If somebody can help me, it I would be very grateful.
Thanks in advance, best regards.
Diego.
I continue doing tests and changes in the code, and the result is the same. mc_interface_set_brake_current_rel is called with a value of 1.0 (mc_interface_set_brake_current_rel(1.0)), but the actual braking never occurs if the erpm is more than the maximum I set in VESC-Tool, then the braking is not done. Perhaps it has to do with the algorithm related to max ERPM, but surpringsingly the ADC app works quite well. I will search some function calling that makes some actualization on overriding variables
Now I have some important clues.
The experiment is as follows. I run the motor with limited velocity. Then I give impulse to the wheel with my hand, and in the realtime data is seen two important things: one is that the duty cycle goes up the maximum value reached with full throttle. The second one is that the current drops to zero.

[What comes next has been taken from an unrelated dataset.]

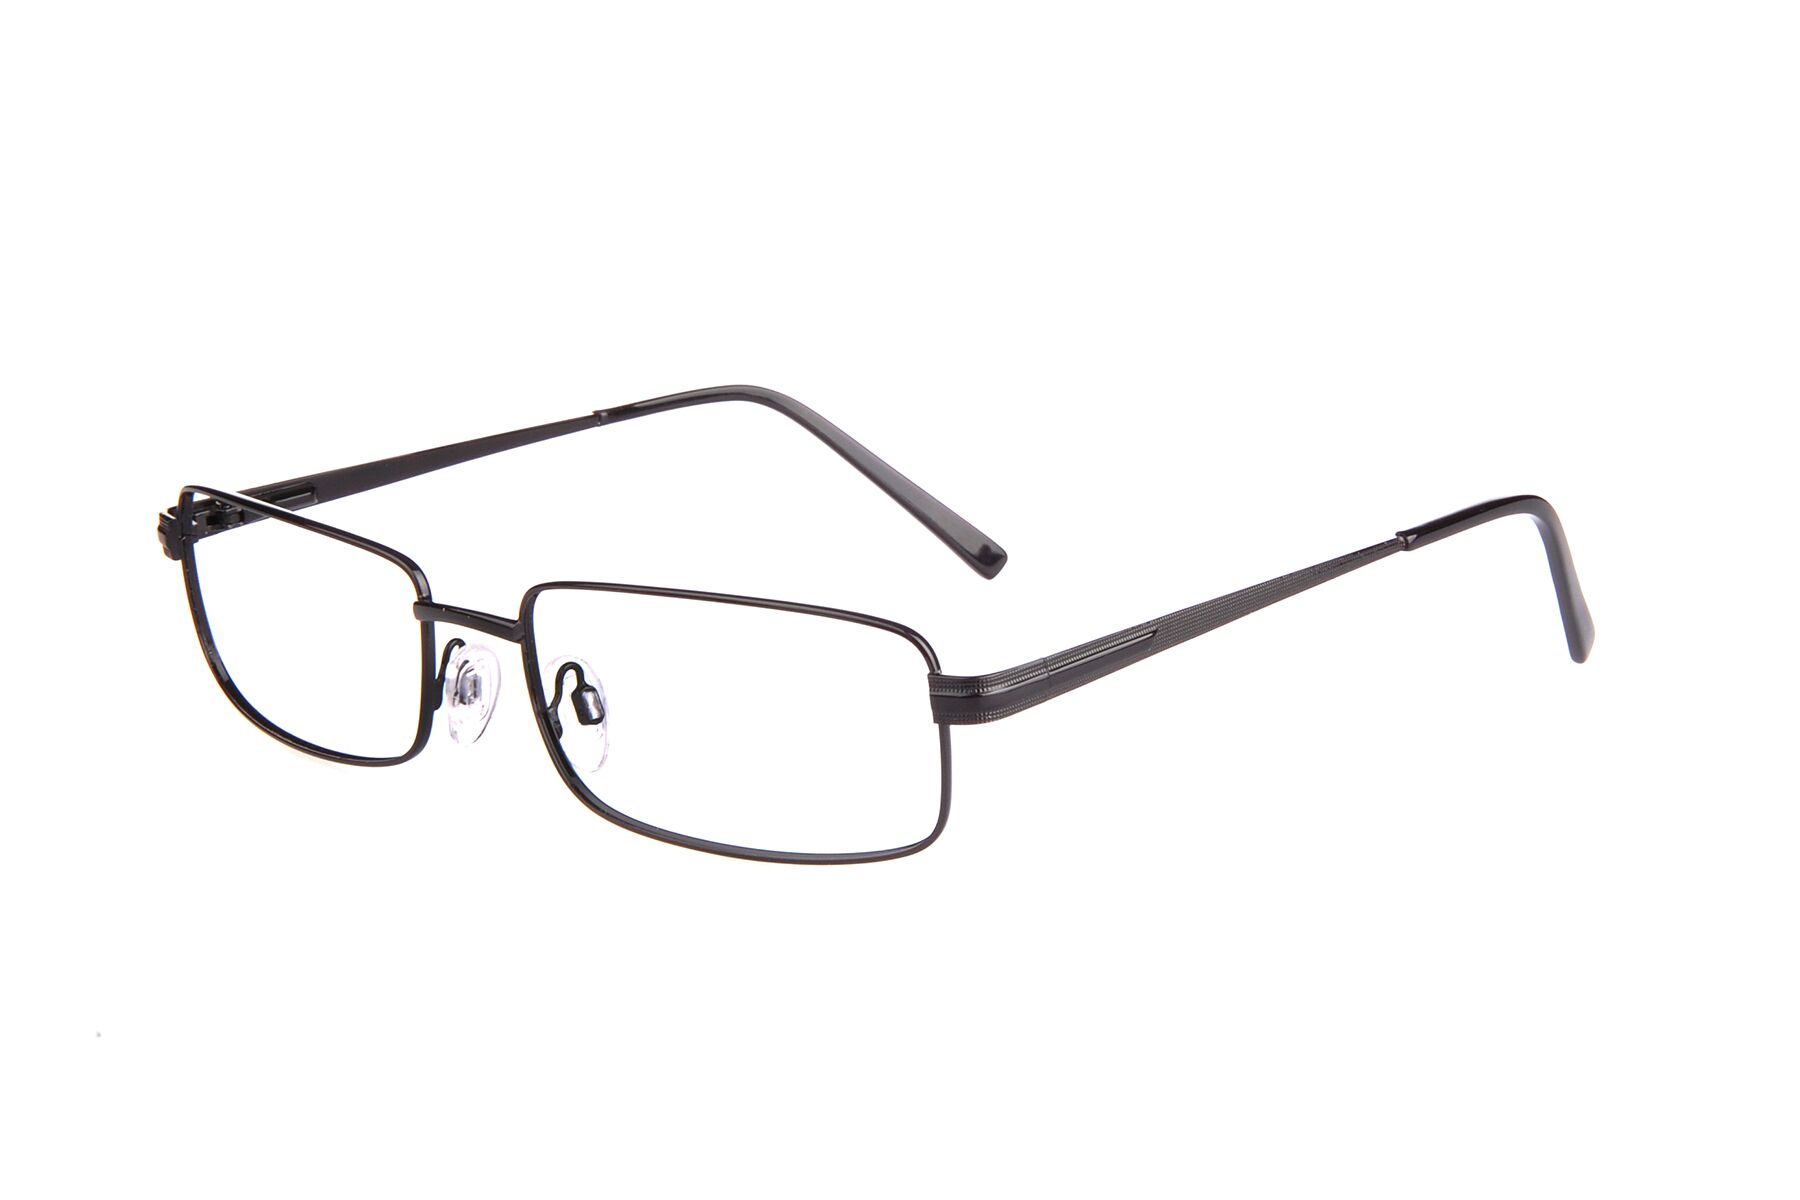 Wide Guyz Lefty is available at SpecsToGo-Eyeglasses and Sunglasses

When using ADC app, the duty cycle drops immediately when the throttle is released. When using my custom app, the duty cycle is mantained high while giving impulse with my hands until the limited value of the duty cycle is reached.

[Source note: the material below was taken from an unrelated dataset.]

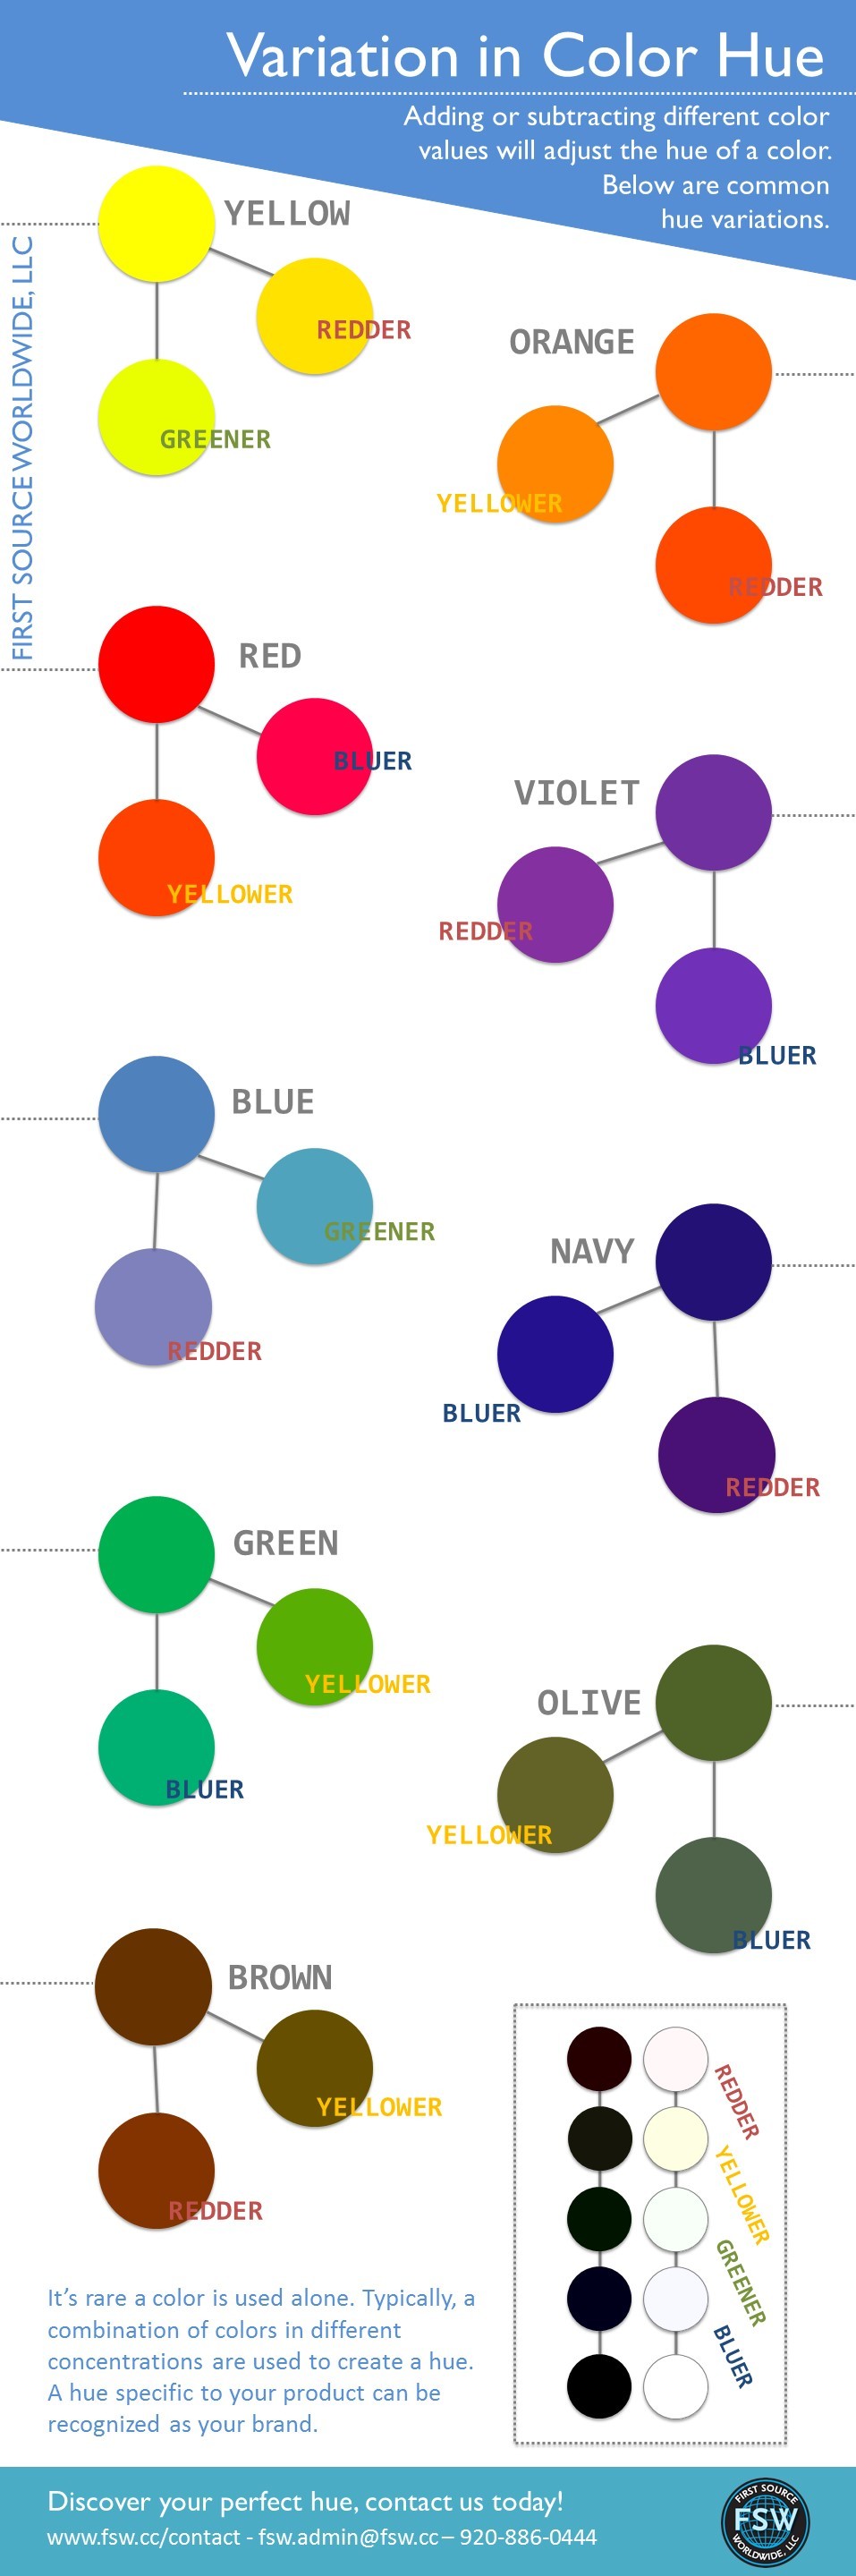 color and hue infographic by fsw

This is the graphics of the ADC app
This is the graphic of the custom app.
Anybody has a clue of how to fix it?
Thanks.
Ok, problem solved. I got the ADC app that works nicely and then I introduced my code inside this app trying to modify as little as possible and it worked (new part was exactly the same than in the other version). I do not know yet why the other app did not work, but the last one does. So ... lesson leart ... vesc apps are meticulous crafted, so do not change anything but the essential when trying to modify one app.
I hope it serves to other people to save a lot of time!!!! Thanks,
thanks i will try iy